Dernek Başkan Davut Kutoğlu yaptığı değerlendirmede şu ifadelere yer verdi; “Biz en son zam aldığımızda unun çuvalı 160 TL. idi. Ekmeği 12 TL yaptık. Şuanda mevcut unun fiyatı devlet desteklemezse fabrikadan aldığımız fiyatı 450 TL dir. O da firmadan firmaya değişiyor. Ben 1 hafta önce un aldım. Firmayı arayıp kaça alacağım diye sordum 450 TL dedi. Fakat şöyle bir uygulama var; 100 çuval toprak mahsulü üzerinden 100 çuvalda ötekinden alırsan ortalama 330 TL’ye gelir. Bende öyle aldım. Yarın ne olacağı belli değil. Pide fiyatları konusunda vatandaşımız pahalı olacak diye tedirgin oluyor. Vatandaş aslında her şeyden haberi var. Niye fırıncıya geldiği zaman bu kadar tedirgin oluyorlar anlamıyorum. 1 ton odun yaklaşık 3 ay önce 300 TL idi. Şimdi odun 1000 TL- 1.200 TL arasında. Bir çuval fındık kabuğu yani 50 kiloluk fındık kabuğu şuanda 150 TL oldu. Maalesef oda piyasada yok.  Bir koli maya 90 TL iken şuanda 280 TL. Poşet 15 TL iken şuanda 35-40 TL. Bir çuval susam geçen sene bu aylarda aldığımız susam 350-400 TL iken şuanda zannediyorum ki 1000 TL. Ramazan da ne olacağı meçhul. Geçen sene 16 TL’ye aldığımız bir koli yumurta bu sene 45-50 TL. Sigorta ve Bağ-kur yükseldi, asgari ücret 4.250 TL. oldu.
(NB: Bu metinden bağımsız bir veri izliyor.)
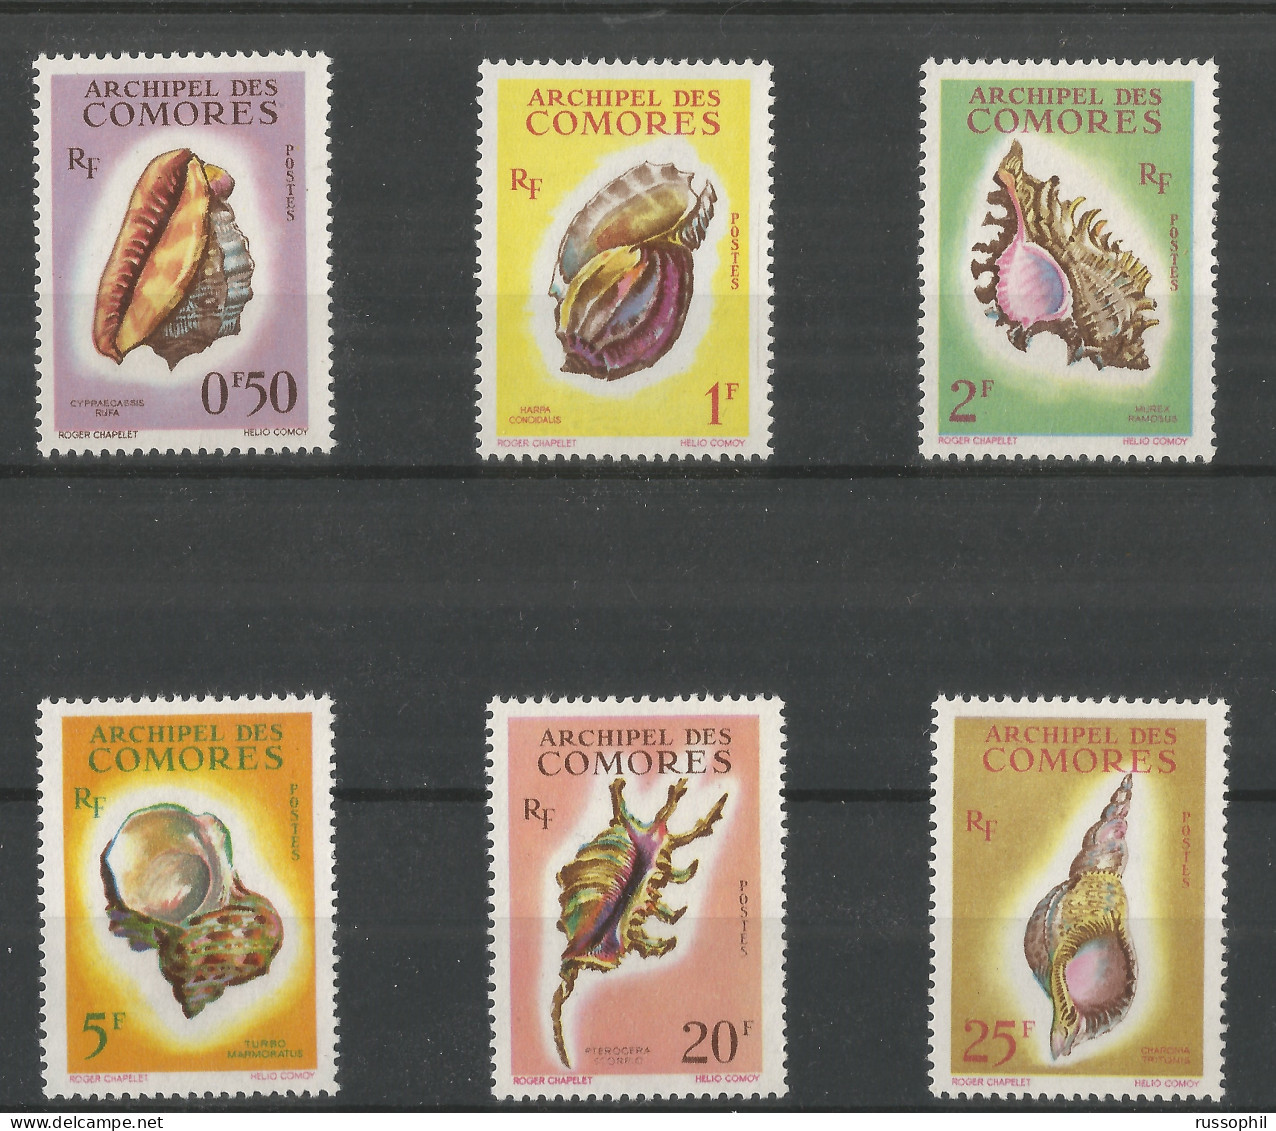 COMORES - COQUILLAGES -  SHELLFISH - Yv. #19 TO Yv. #24 -  (**/MNH) - 1962 - Nuevos

Peki, sen işçine ne vereceksin. Sigorta 1.750 TL. Hadi diyelim ki! Bazılarımız indirim alıyoruz 1.650 TL. Bir işçinin maliyeti bize 8-9 bin TL. En düşük işçi 5 bin TL. 2 bin TL’de sigortası eder sana 7 bin TL. Yemeği de, bizden ekmeği de, bizden olsa 8 bin TL. İşte maliyetler ve hesaplar ortada. Biz çok mu memnunuz. Size yemin ederim 62 yaşındayım. 50 senedir bu işin içindeyim. Ben hayatımda bu kadar zorlanmadım. Geçen çocuğum kredi çekerek işçilerin maaşlarını ödedi. Biz ayakta durmanın mücadelesini veriyoruz. Biz kar yapmanın peşinde değiliz dedi.”

“UN DESTEĞİ VERİLİRSE ZAMLARI ERTELESİNLER”
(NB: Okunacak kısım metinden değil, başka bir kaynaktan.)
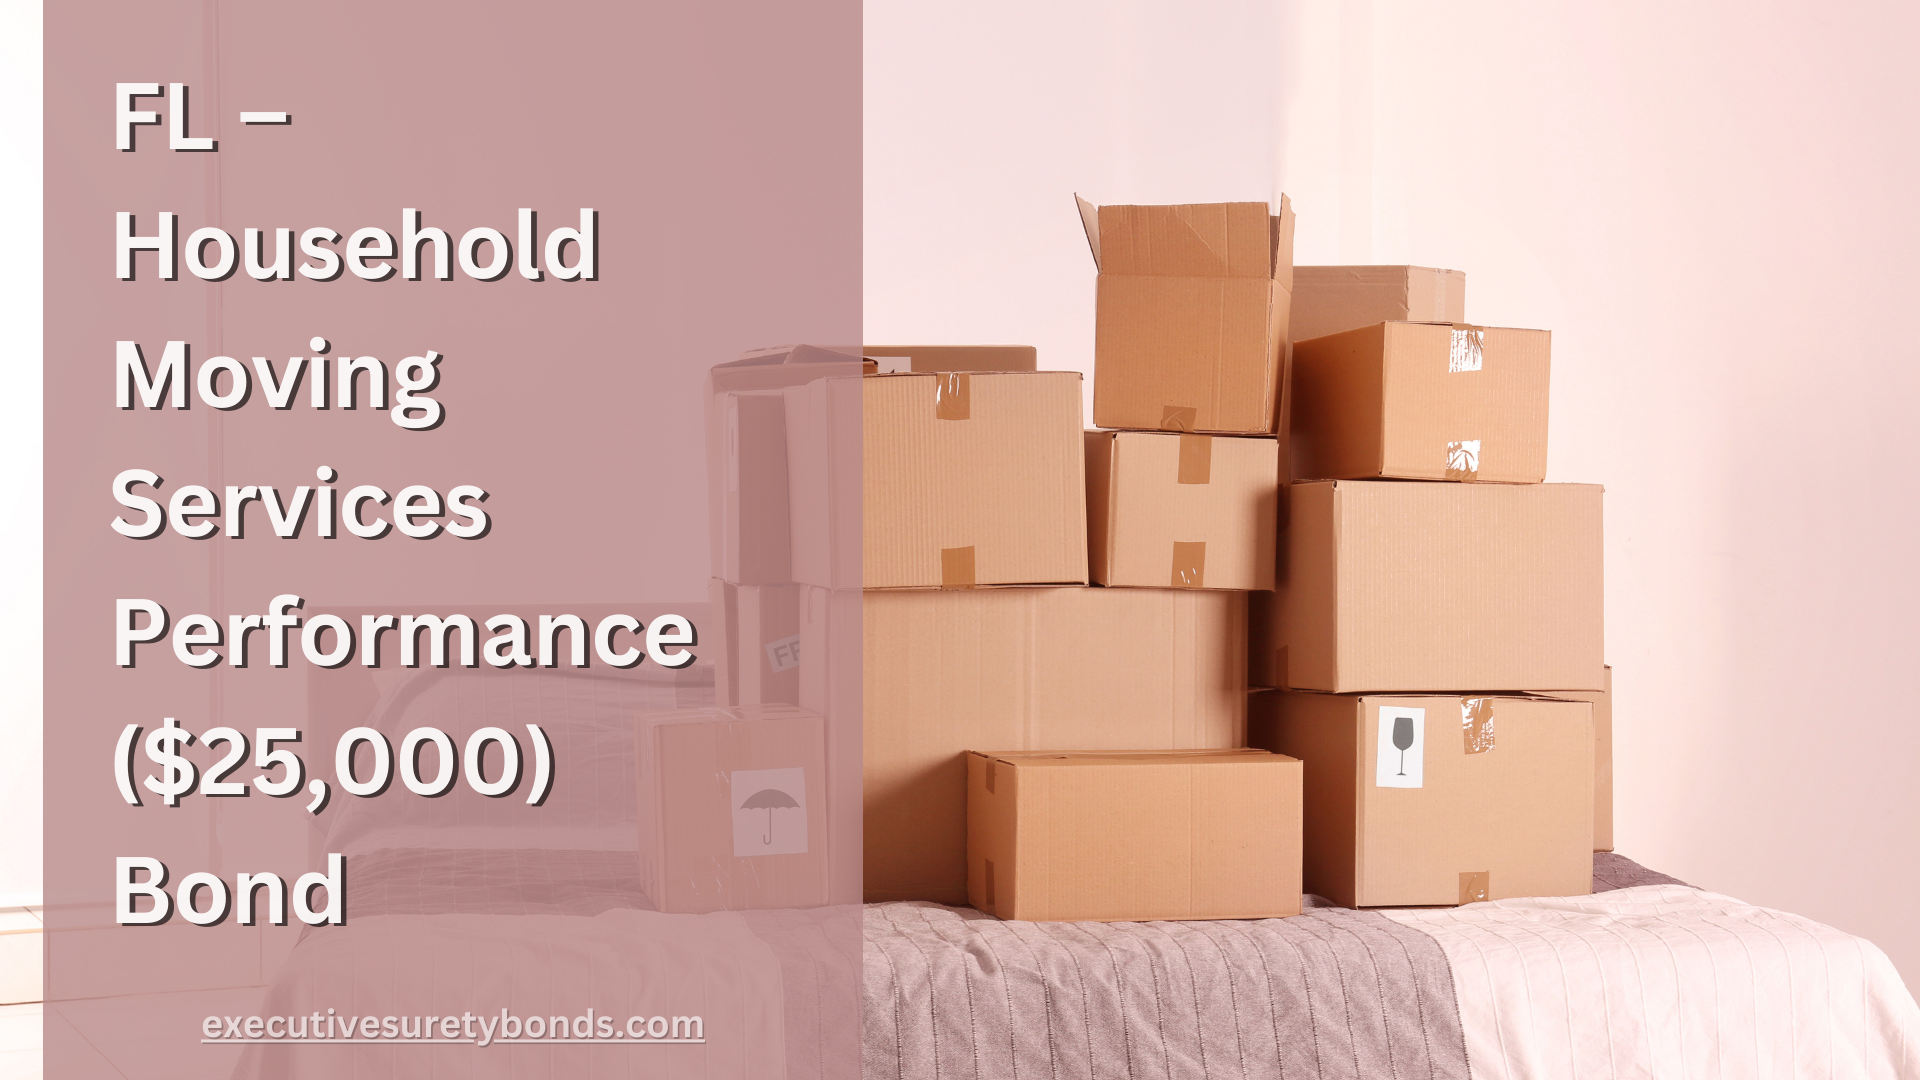 Household Moving Services Performance ($25,000) Bond

Dernek Başkanı Davut Kutoğlu,                “Öyle bir uygulama var ki! bizim zamlarımız valilerin elinde. Türkiye ortalamasını söylüyorum 100 gram ekmek 3-3,5 TL. Matematiği olan bir adam hesabını yapar. Ortalama kilosu 17-18 TL yapar. Ekmek 12 TL ve Vali Bey diyor ki; ramazandan sonra zam alacaksınız. Un versinler bize o zaman tamam. Un desteği verilirse zamları ertelesinler. Devletin verdiği un destekleme bedelleri çekilirse unun fiyatı 600-700 TL olur. Pideyi hangi fiyattan yapacağız diye günlerce konuştuk. Ben dedim ki sade 15 TL olsun, 17.50 TL de susamlı olsun. 17,5 TL susamlının maliyetini kurtarmaz. Bir kilo susam 50 TL, 20 tane pide yaparsın onunla.  Kaldı ki bizim vatandaşımız bana bol susamlı pide yap diyor her zaman. Fiyat 15’ye inse de 20 TL.’ye çıksa da kurtarmaz. Bir yumurtada kırdığını düşün pideye. Bir yumurtada 1,5 TL. Biz susam farkını yumurta farkını pideden almıyoruz ki! Bu zamda daha net değil şuan konuşuluyor. Aslında umutluydum. Geçen gün hoşuma giden bir şey izledim. Vatandaşta artık esnafı anlamaya başladı. Mesela artık dolmuşçu diyor ki! tamam dolmuş 10 TL ama adamda ne yapsın mazot 20 TL. Biz fırıncılara gelindiği zaman neden vatandaş tepki gösteriyor. Ben 10 tane işçinin sigortasını ödüyorum. Bunları unuttuk, kiralarımızı unuttuk, elektrik faturalarımızı unuttuk. Her şey konuşurken aklımıza gelmeye biliyor. Çok kolay değil. Biz vatan haini miyiz?  Yani ben soyguncu muyum?  Bir devlet memuru arkadaşımız 6-7 bin TL maaş alıyor. Evi oluyor, arabası oluyor. Bir fırıncının gecesi yok, gündüzü yok, bayramı yok, cenazesi yok. Ben kaç kişiyi kara toprağa gömdüm. Annemi, kardeşimi, amcamı, fırınımı kapatamadım. Aç gözlülüğümden mi kapatamadım. Hayır. Bir gün ekmek satmazsam ne olur. Bu meslek böyle bir meslek. Kapatamıyorsun. Ben bu sene 2 araba sattım. Keyfime mi? hayır araba kapımda duracağına borcuma ödedim. Bir memur maaşıyla ev ve araba alabiliyor. Ben sabaha kadar taşın üstünde yatıyorum. Ekmek satıldı mı? satılmadı mı? diye düşünüyorum. Sıkıntıdan stresten ne yaptığımızdan ne de yaşadığımızdan bir tat alabiliyoruz diye konuştu.